The North's official Korean Central News Agency said the underground test was performed successfully using the country's own technology and that no radiation leaked from the site.
The underground test "marks a historic event as it greatly encouraged and pleased the [Korean People's Army] and people that have wished to have powerful self-reliant defense capability," KCNA said in an English-language dispatch, adding that it was "a great leap forward in the building of a great prosperous powerful socialist nation."
If details of the test are confirmed, North Korea would be the ninth country known to have nuclear weapons.
South Korea's seismic monitoring center said a magnitude 3.6 tremor felt at the time of the nuclear test wasn't a natural occurrence.
The head of South Korea's spy agency said the blast was equivalent to less than 1 kiloton of TNT, South Korea's Yonhap news agency reported. National Intelligence Service chief Kim Seung-kyu also told lawmakers that there were signs of suspicious movement at another suspected test site, Yonhap said.
The US Geological Survey said it recorded a seismic event with a preliminary magnitude of 4.2 in northeastern North Korea coinciding with the test claim, but survey official Bruce Presgrave said the agency was unable to tell if it was an atomic explosion or an earthquake.
Japanese Prime Minister Shinzo Abe said the test would mark the beginning of a "dangerous nuclear age" in north Asia.
Britain's Prime Minister Tony Blair said the test was a "completely irresponsible act."
"The breaking of a de facto global moratorium on nuclear explosive testing that has been in place for nearly a decade and the addition of a new state with nuclear weapon capacity is a clear setback to international commitments to move towards nuclear disarmament," the head of the International Atomic Energy Agency, Mohamed ElBaradei, said in a statement.
China yesterday said that Beijing "resolutely opposes" the North Korean nuclear test and hopes Pyongyang will return to disarmament talks.
South Korean President Roh Moo-hyun said the test would make it difficult for Seoul to maintain its engagement policy with its neighbor.

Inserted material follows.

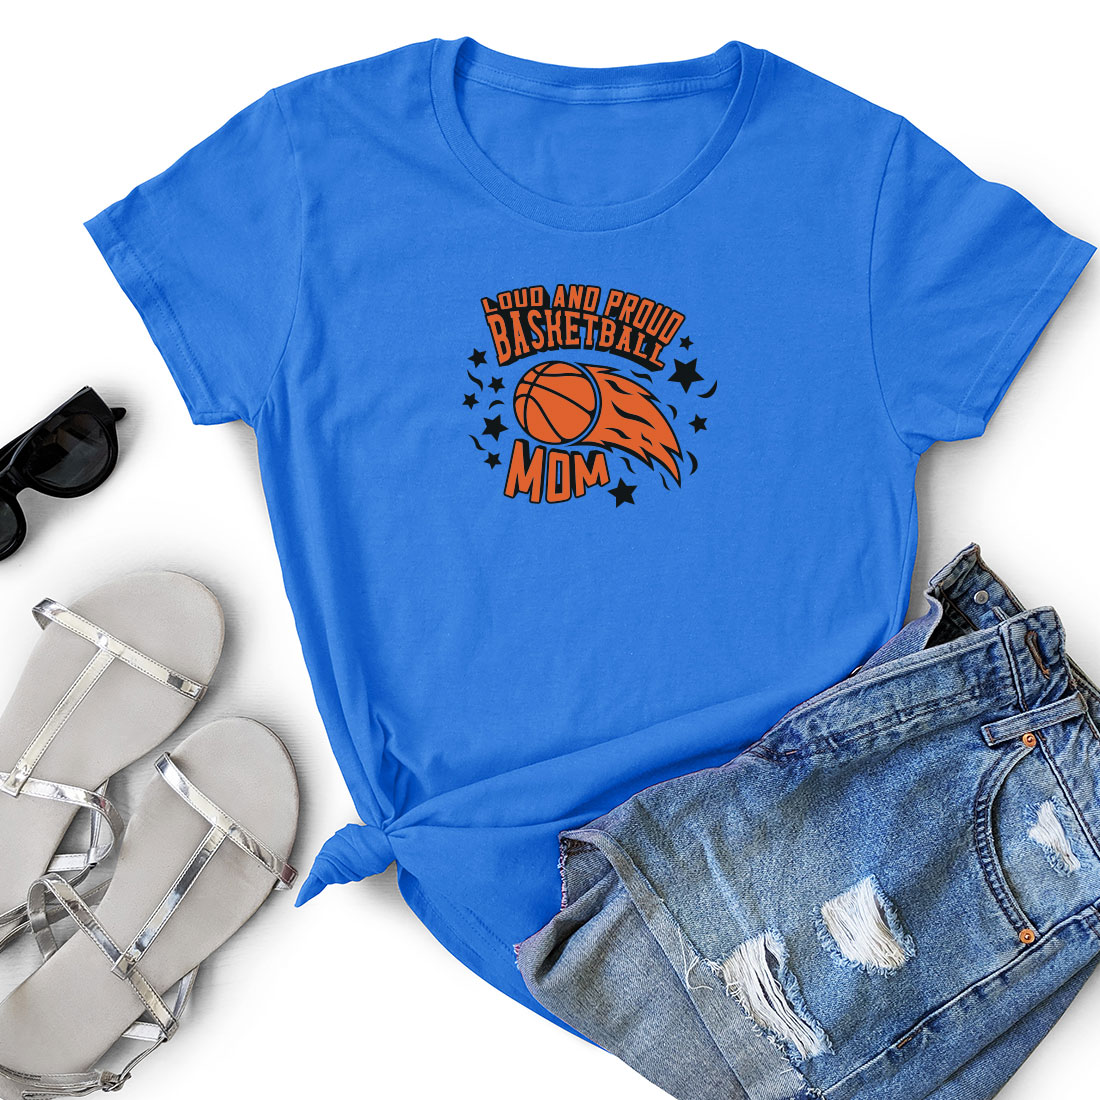 T - shirt with a basketball on it next to a pair of shorts.

The South is reconsidering plans to ship 4,000 tons of cement of emergency relief to the North for floods it suffered in mid-July, a Unification Ministry official said on customary condition of anonymity.
Seoul cut off regular aid after the North conducted missile launches in July.
The North is believed to have enough radioactive material for about a half-dozen bombs.
It insists its nuclear program is necessary to deter a US invasion.
The North has active missile programs, but it isn't believed to have an atomic bomb design small and light enough to be mounted on a long-range rocket that could strike targets as far as the US
In Pyongyang, North Koreans went about their lives as usual on Monday, with no signs of heightened alert.
Red flags of the North's Korean Workers' Party draped buildings and lampposts to mark today's 61st anniversary of the party's founding.
The country's state TV read the report about the test during its regular newscasts. The item wasn't the top story and there were no images shown of the test.